The Home screen is customizable and allow the user to add, amongst others, favorite contacts, Twitter/Facebook feeds, applications shortcuts, IM/e-mail notifications and calendar alert.

The phone also integrate a basic form of finger gesture (marketed by Nokia as Swype), as first seen on the Nokia N9, to navigate the user interface. For example, on the homescreen, the user has to swipe their finger from the left side of the bezel surrounding the screen to the opposite side to bring up the application drawer. A swipe from the right side will bring up the calendar application; this can be configured to fit the user preferences.

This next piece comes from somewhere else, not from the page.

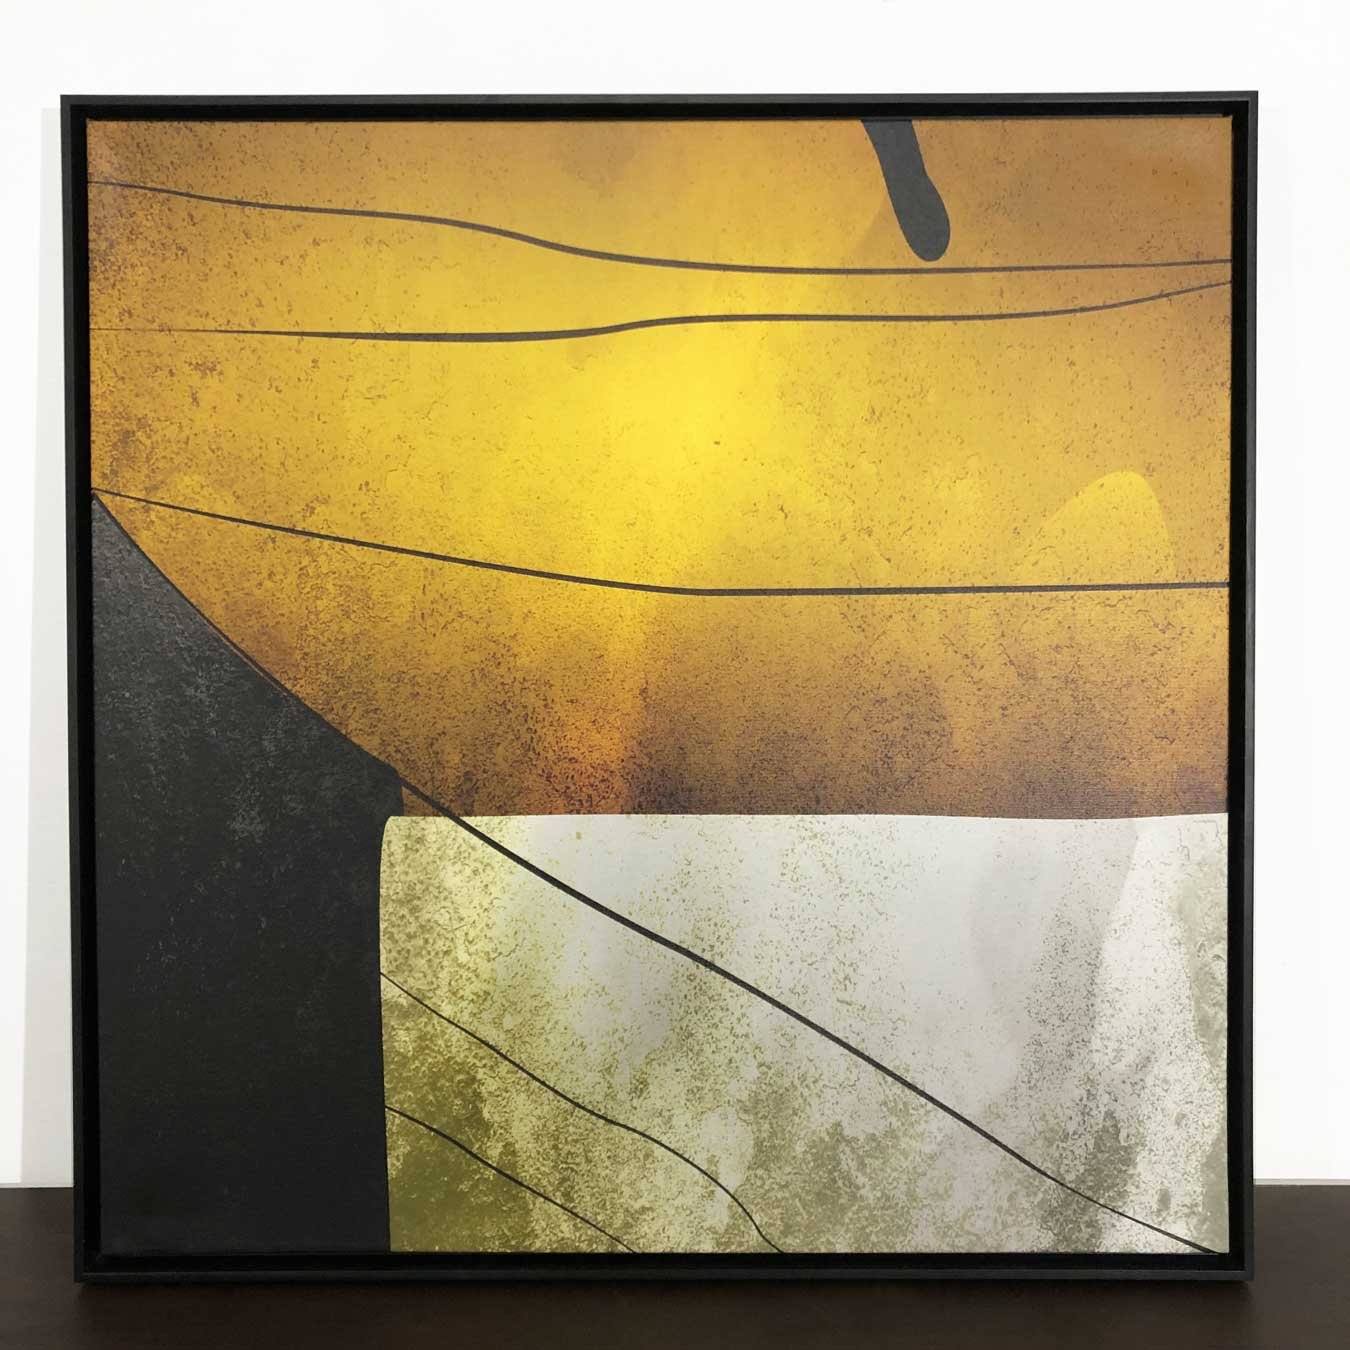 Tela Canvas Abstrata Moderna com Moldura Flutuante Preta - Decore com Estilo

The device comes with Nokia Maps for Series 40 and make use of cellular network for positioning as there is no GPS in the phone. Nokia Maps for Series 40 phones does not provide voice guided navigation and only allows for basic route (<10 km) to be plan. The software will provide step by step instructions, allows the user to see the route on a map and search for nearby points of interest. Depending on where the phone was purchased, regional maps (Europe, South America, etc.) are preloaded and, as such, an active internet connection to download map data is not required.